Recorded information:
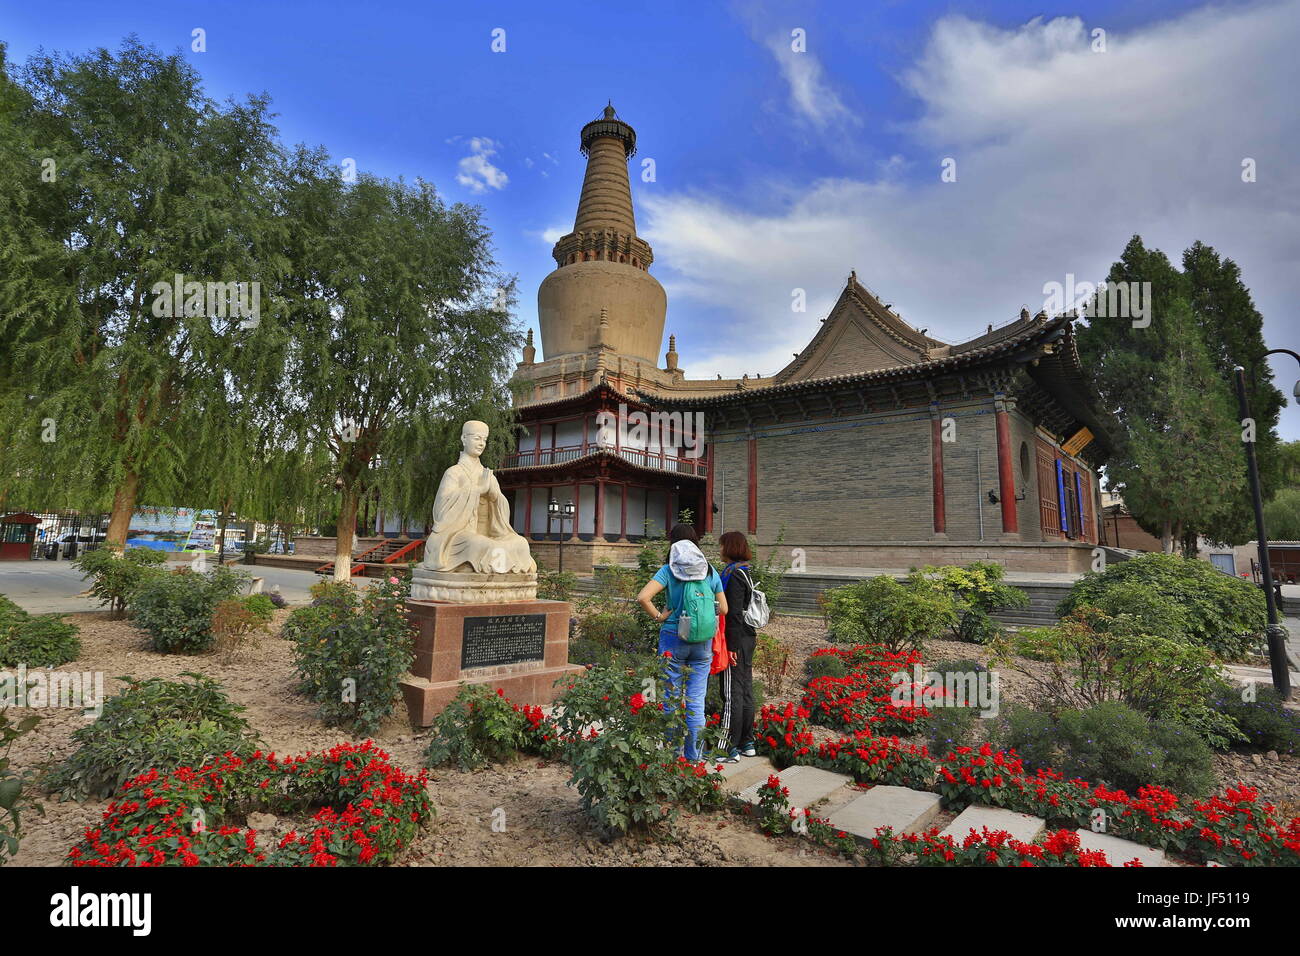 Zhangye, Zhangye, China. 29th June, 2017. Zhangye, CHINA-Sep 8 (EDITORIAL USE ONLY. CHINA OUT) The?Dafo Temple, also known as Great Buddha Temple or Grand Buddha Monastery, is an ancient Buddhist temple in?Zhangye,?northwest's China Gansu, notable for its gigantic?reclining Buddha?statue of around A.D. 1,100, which is thirty-five metres long. It has had several names over the centuries, including the?Kasyapa Buddha Temple, the?Bojue Temple, the?Hongren Temple, and the?Reclining Buddha Temple. The present name of ''Dafo'' means ''Great Buddha' Credit: SIPA Asia/ZUMA Wire/Alamy Live News Stock Photo
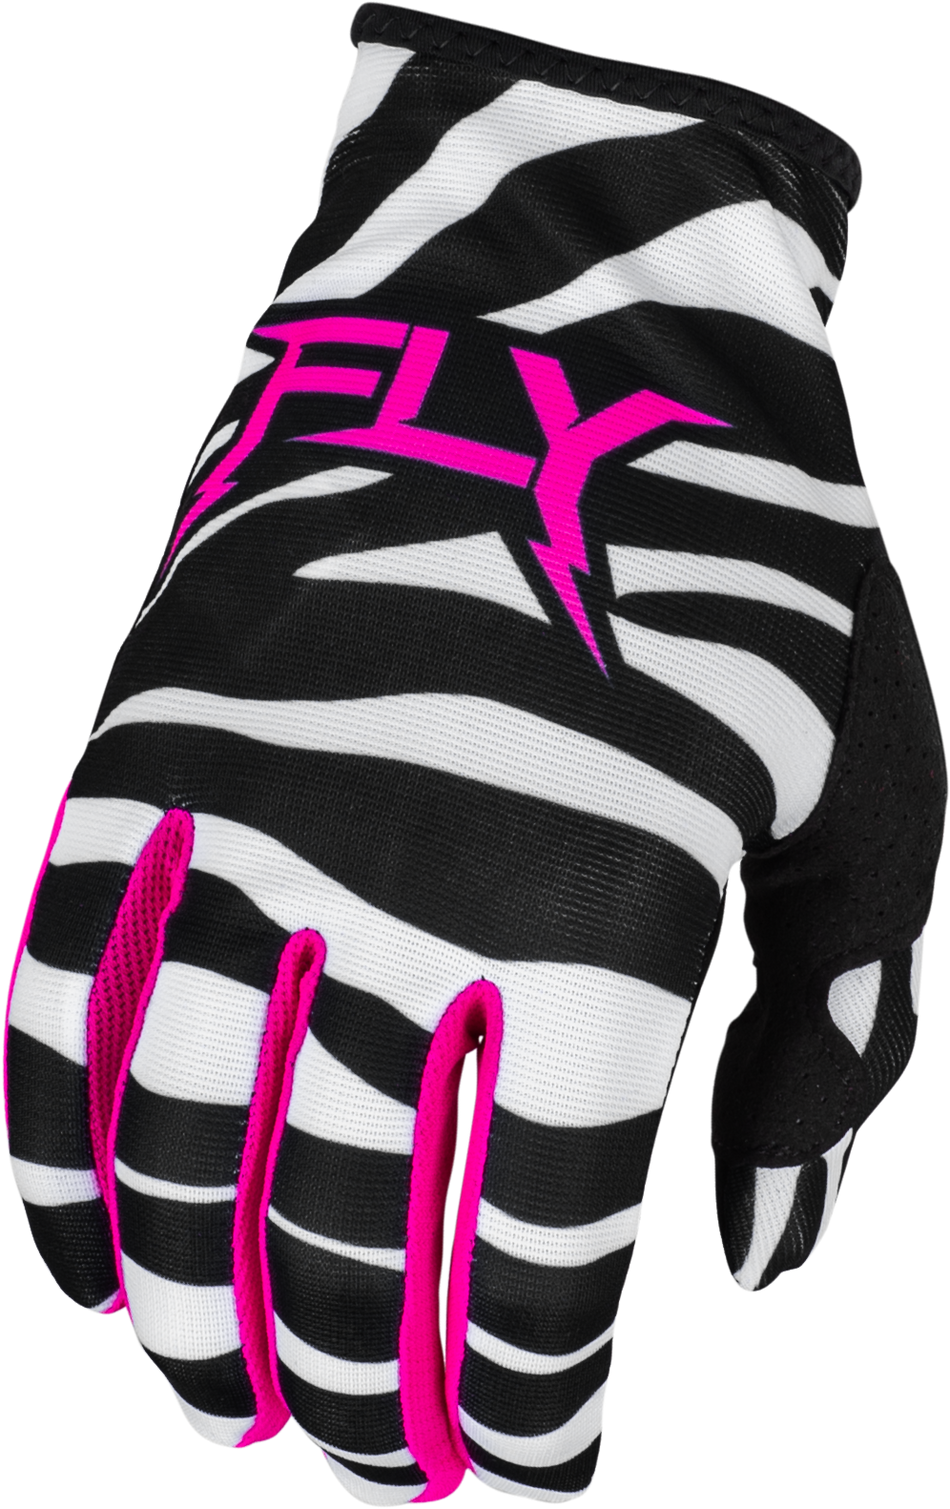 FLY RACING Lite Uncaged Gloves Black/White/Neon Pink 3x 377-7413X
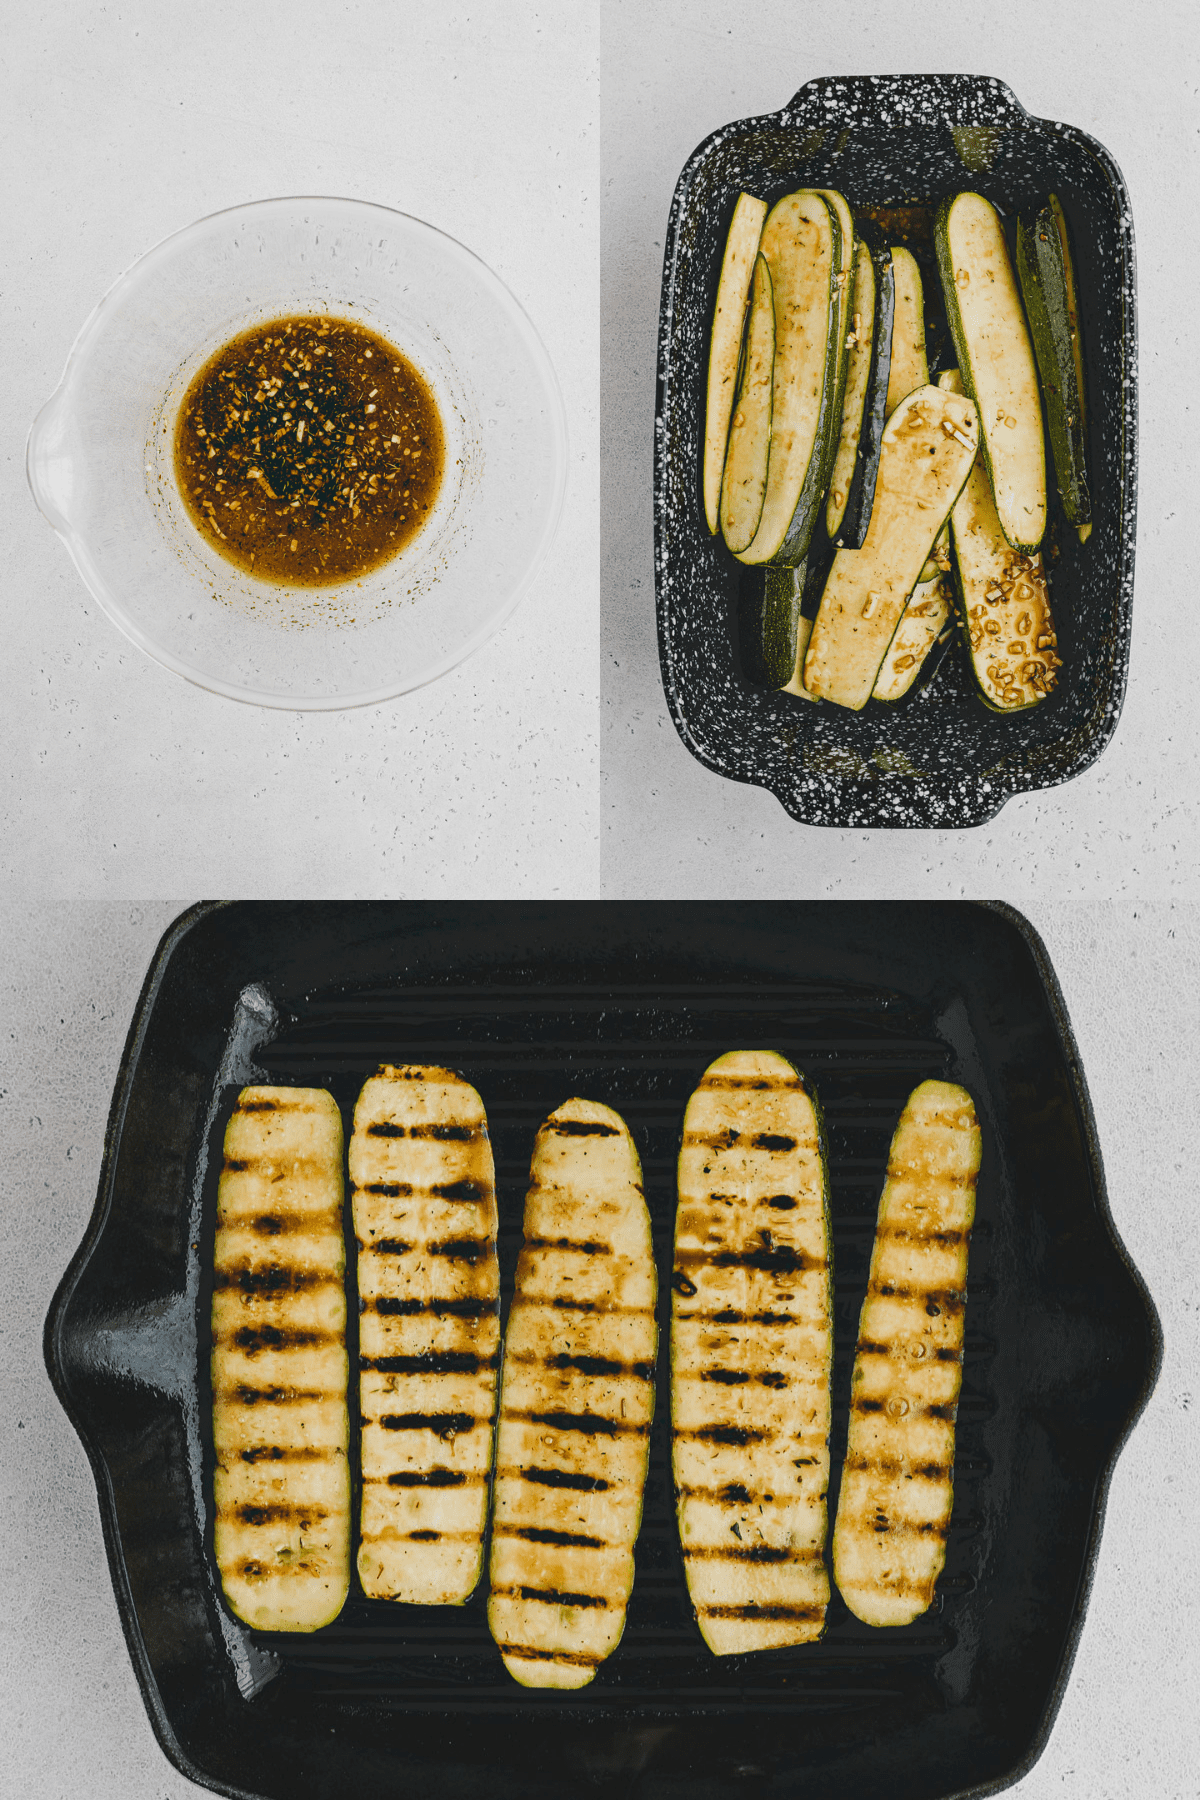 Three pictures from top view. Top left photo is  of a small glass bowl with the marinade in it, top right is the zucchini slices in a small dish coated in the marinade, bottom picture is of a grill pan with zucchini slices laid out on it with grill marks perpendicular to the slices.

Task to carry out:
Exact repetition is required for the lines from the first one in the listing through the one that holds "FLY RACING Lite", and pictures are to be omitted.

Response to this exercise:
 Zhangye, Zhangye, China. 29th June, 2017. Zhangye, CHINA-Sep 8 (EDITORIAL USE ONLY. CHINA OUT) The?Dafo Temple, also known as Great Buddha Temple or Grand Buddha Monastery, is an ancient Buddhist temple in?Zhangye,?northwest's China Gansu, notable for its gigantic?reclining Buddha?statue of around A.D. 1,100, which is thirty-five metres long. It has had several names over the centuries, including the?Kasyapa Buddha Temple, the?Bojue Temple, the?Hongren Temple, and the?Reclining Buddha Temple. The present name of ''Dafo'' means ''Great Buddha' Credit: SIPA Asia/ZUMA Wire/Alamy Live News Stock Photo
 FLY RACING Lite Uncaged Gloves Black/White/Neon Pink 3x 377-7413X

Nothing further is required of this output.